Именно такую работу и вел Карцев со своими ученицами. Он всегда применял метод увеличенных нагрузок так, чтобы соревнования по сравнению с тренировкой казались легкими. Теперь тренер внимательно смотрел, как тренируется Ольга Коршунова. Он видел ее недостатки, думал над тем, как избавить ее от них, и одновременно с увлечением следил за свободными, стремительными движениями девушки, когда диск вылетал из ее руки и, блеснув на солнце, падал далеко в поле на тронутую желтизной траву.

«Да, — думал Карцев, — еще год или два, и Ольге Борисовне придется поступиться своим рекордом. Но Ольге Коршуновой эта победа дастся нелегко. Остается один метр до рекорда. Первые пятьдесят сантиметров одолеть легче, чем остальные, и труднее всего будет последний сантиметр.

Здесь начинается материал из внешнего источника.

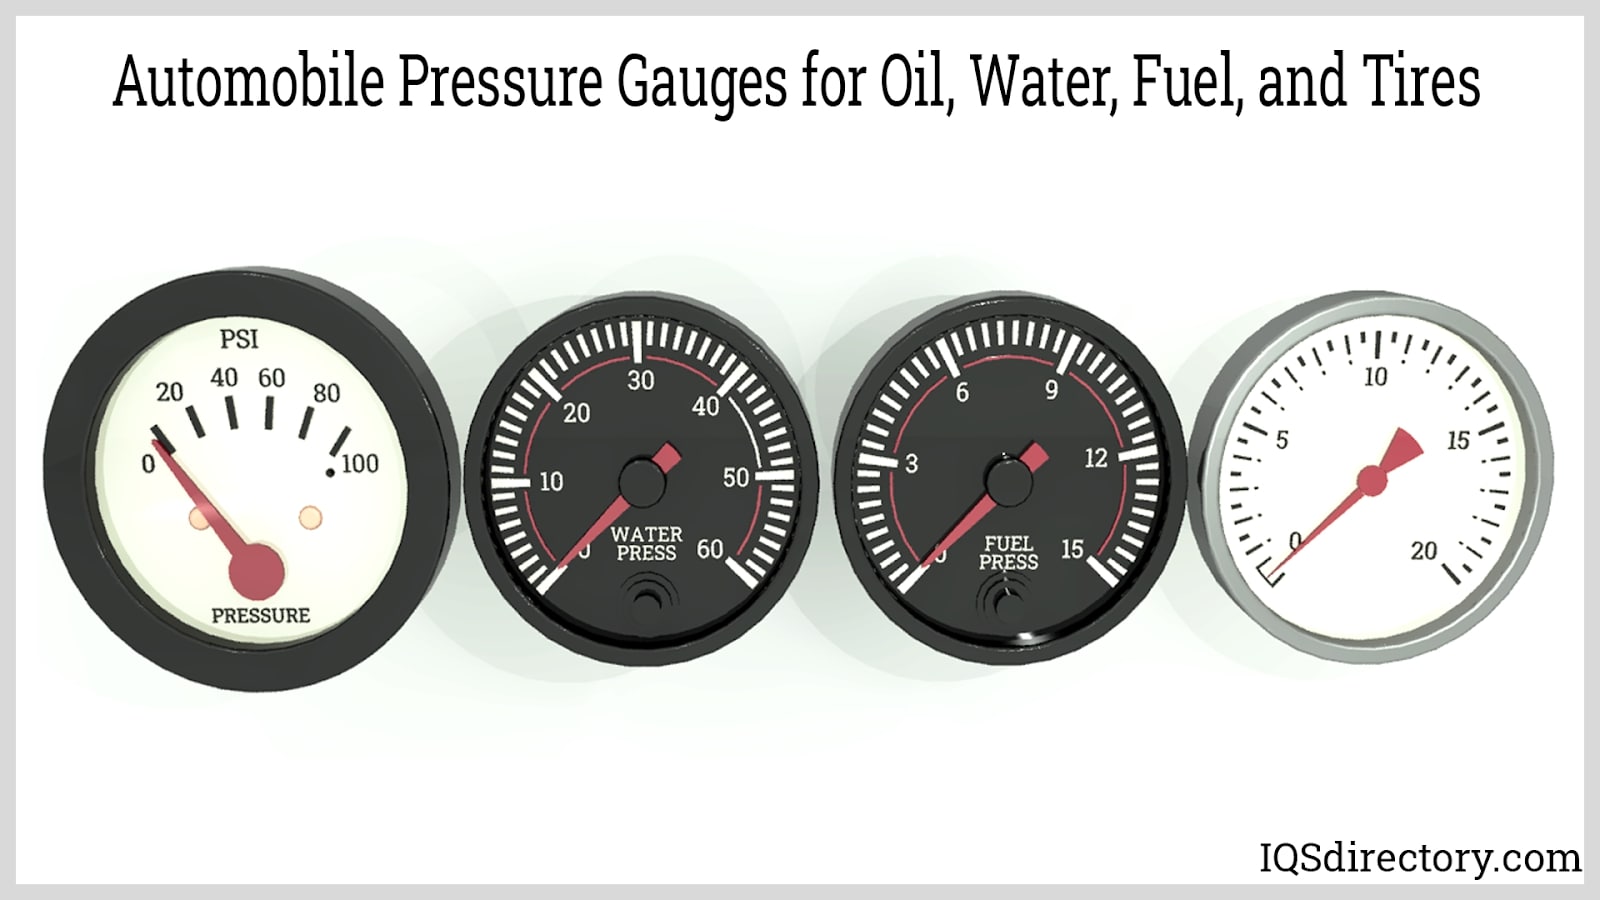 Automobile Pressure Gauges for Oil, Water, Fuel, and Tires

Быть может, на него придется потратить годы…»

Карцев поглядел на Ольгу Коршунову, на ее серьезное, сосредоточенное лицо и подумал, что она может трудиться десять лет и все–таки добьется своего.

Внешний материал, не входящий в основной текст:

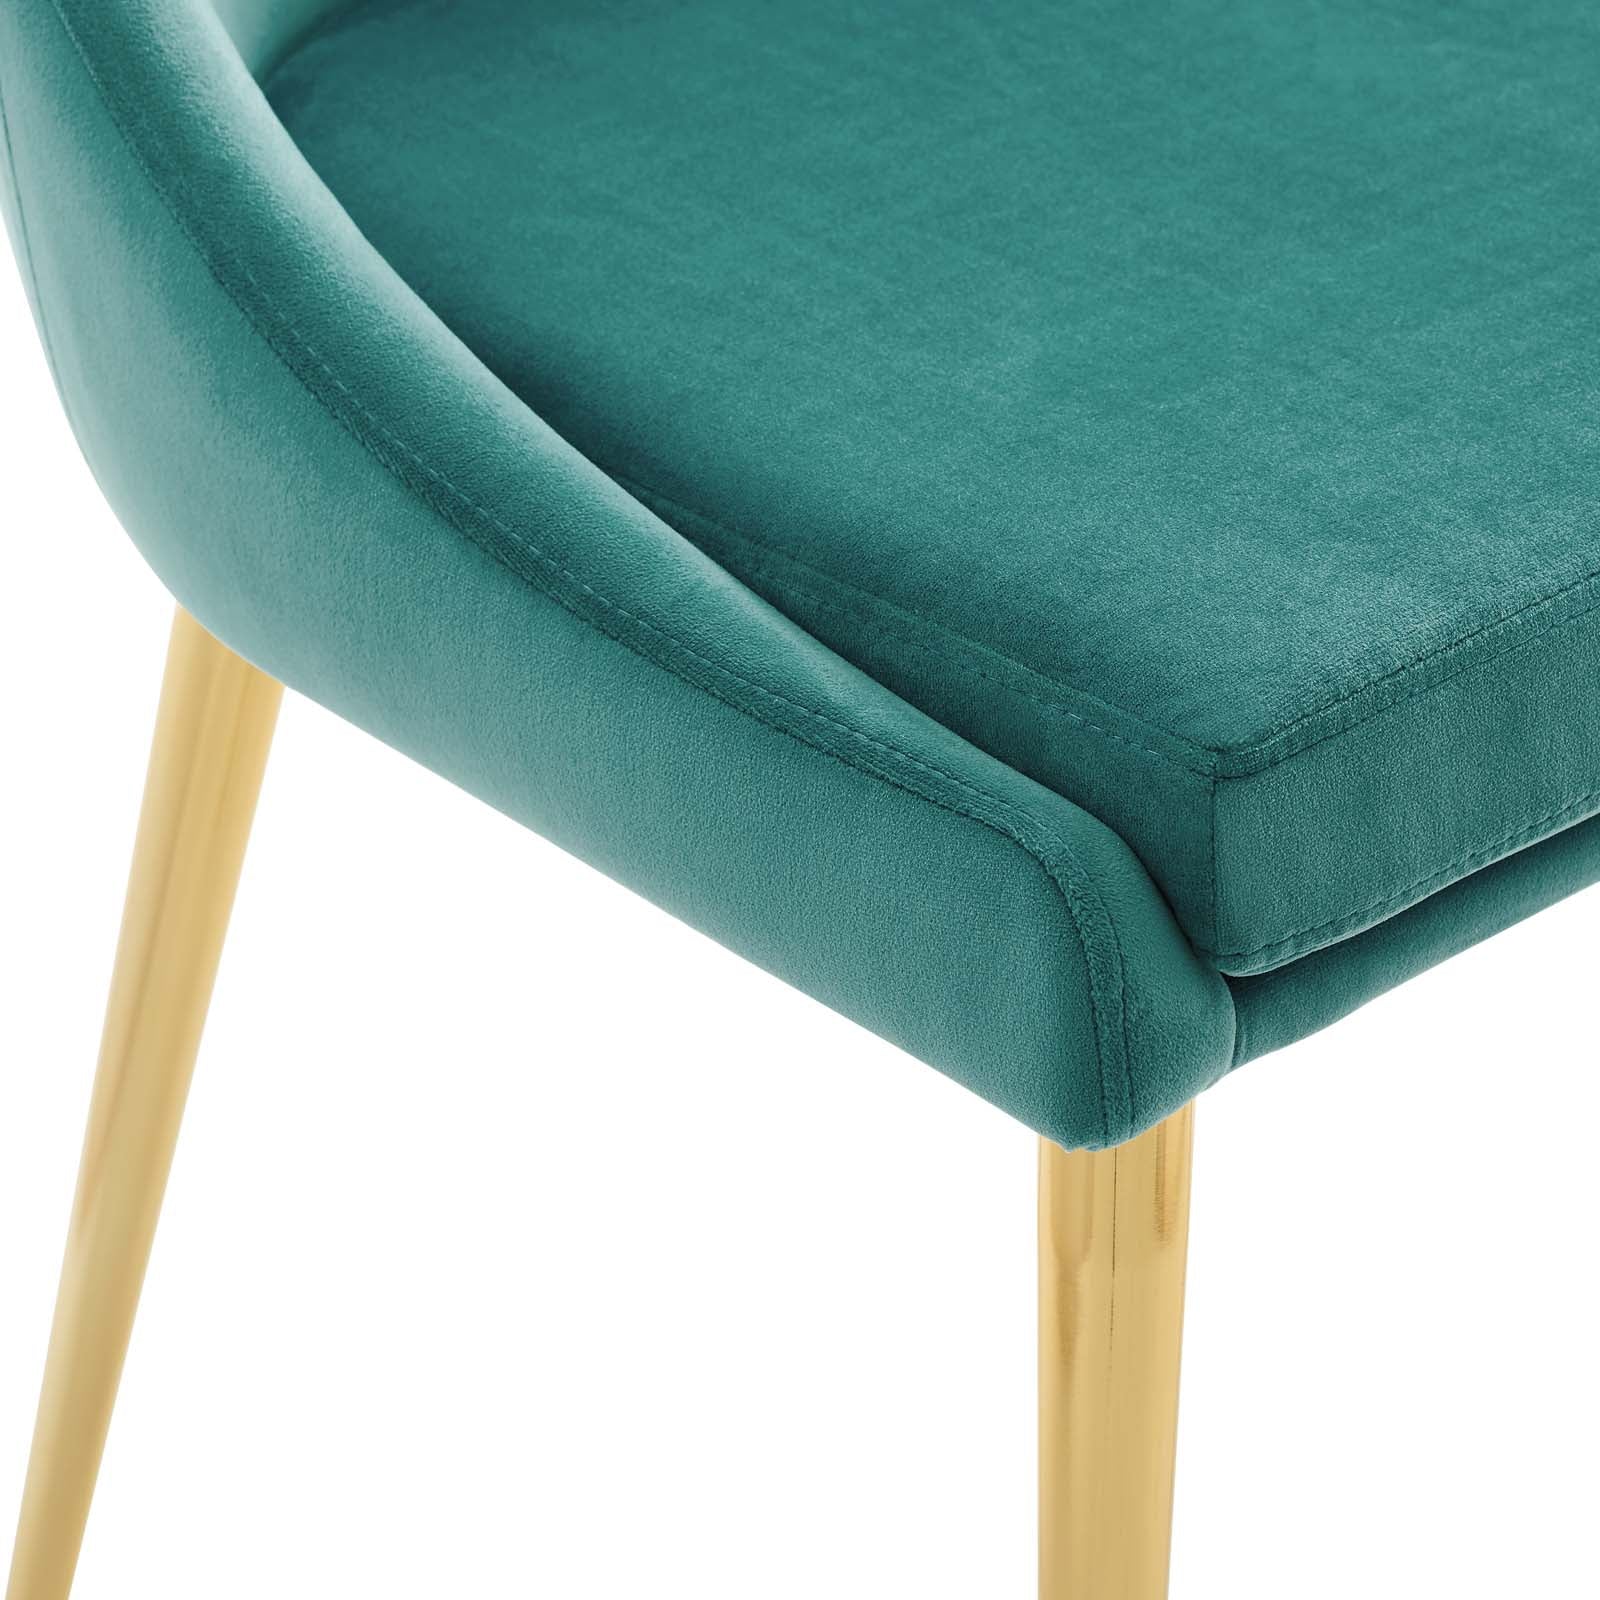 Modway Dining Chairs - Viscount Modern Accent Performance Velvet Dining Chair Teal

Девушки положили диски. Последние упражнения, потом короткая пробежка по стадиону — и тренировка закончилась. Два часа промелькнули, как одна минута.

Ольга Коршунова быстро прошла в раздевалку, сбросила костюм и через минуту уже стояла под душем.

Сильные прозрачные струи падали на ее тело, крупное, хорошо развитое и упругое, ласкали кожу и, словно играя, разбивались на множество крошечных бриллиантовых брызг.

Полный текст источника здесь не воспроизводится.